With those demographics, it isn’t surprising that the school does well, regardless of its admission policy.
The “problem” occurred at Lowell because parents of kids who didn’t get in freaked out. We have no idea whether the plan would have worked or not because it was ended after just one year.
This is very true; all schools in that district generally perform very well.
So the students in this school are much wealthier than those from schools like Lowell or Stuy.
It is most likely that the school @1NJParent mentioned is more comparable to TJ than the other two schools, as those seem to be urban rather than suburban schools.
To “solve” this you could have a qualification test that sets a bar requiring enough academic skills to have a chance to succeed at the advanced school but low enough to create a fairly mixed pool of candidates, and then pull the lottery from there.

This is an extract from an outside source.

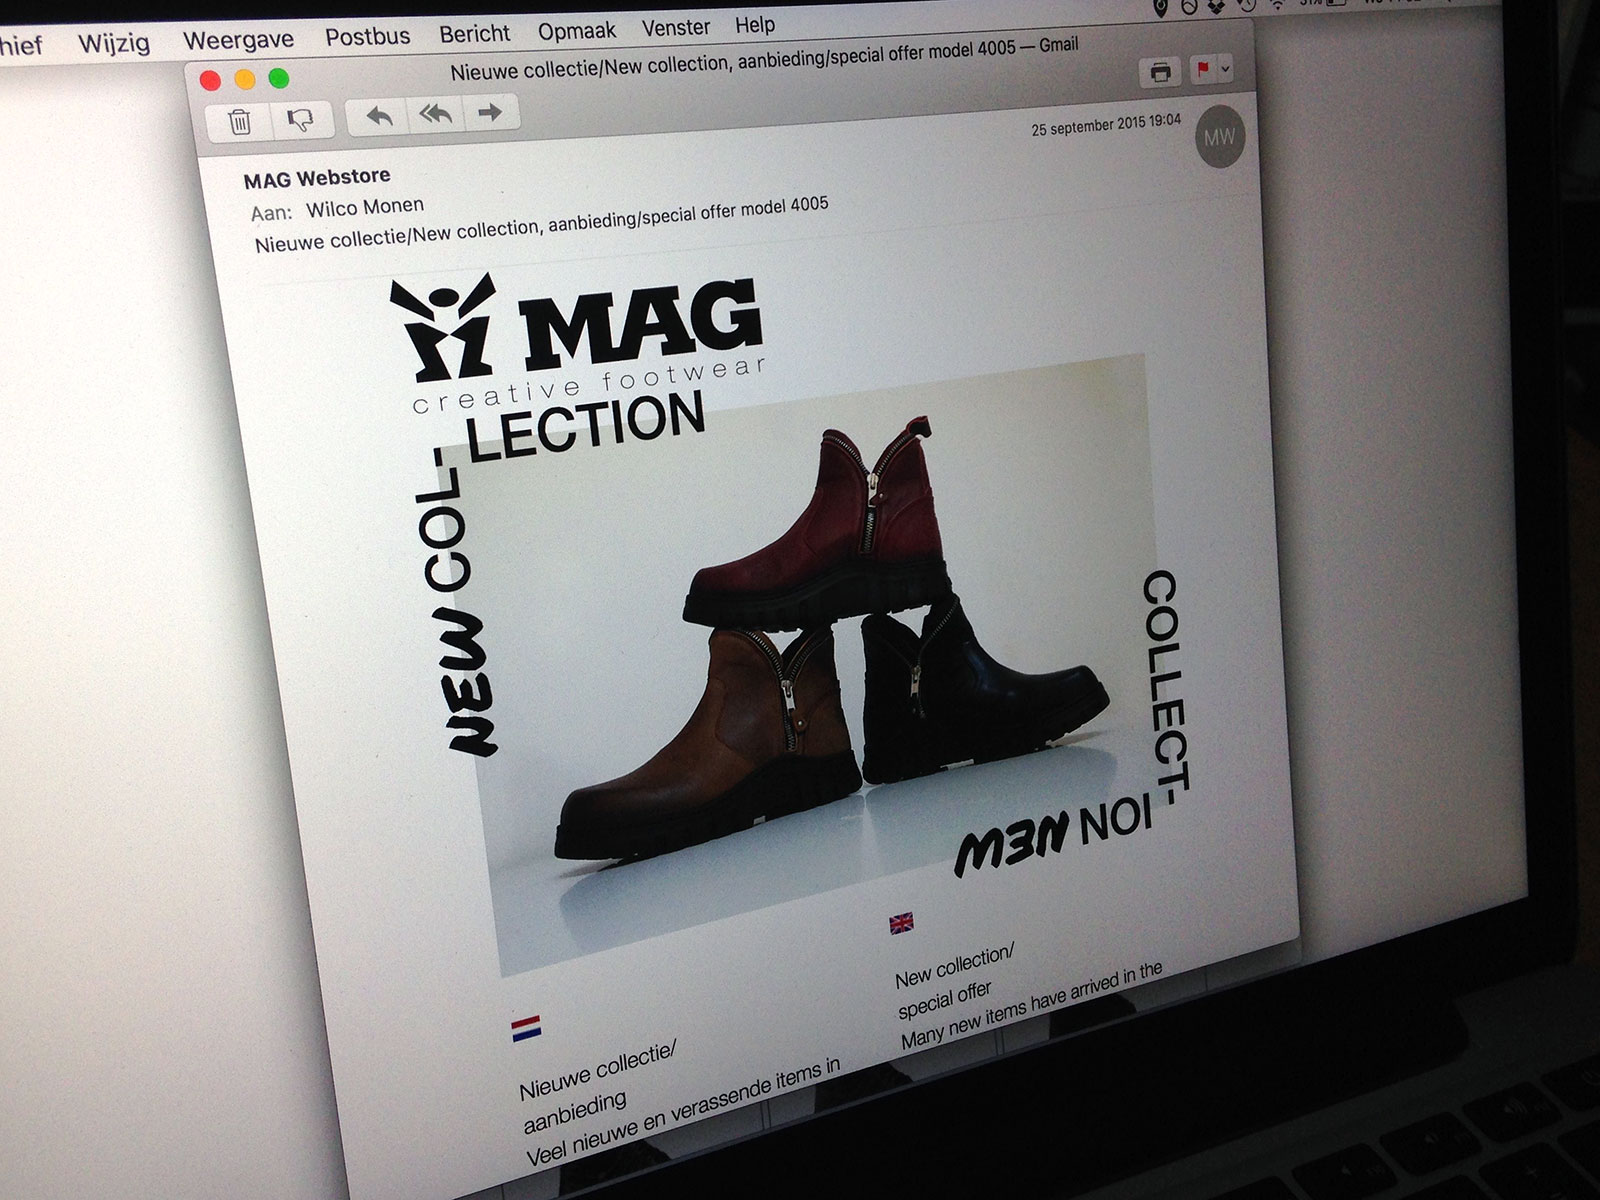 mag creative footwear identity

You won’t get the 100% alpha high achievers you had before, but you should have a mix that can do the work and reflects the community, and a random selection mechanism that removes any thumbs from any scales.
Or you could expand the schools in question to have the capacity to enroll all who meet the base qualification of academic skills indicating a good chance of success (i.e. make the schools large enough to offer open admission if you meet the base qualification).
Obviously, that will not necessarily “solve” demographic imbalances, but it will move the focus away from competitive admissions at the “elite” school to what may be the actual reasons and causes of the demographic imbalances.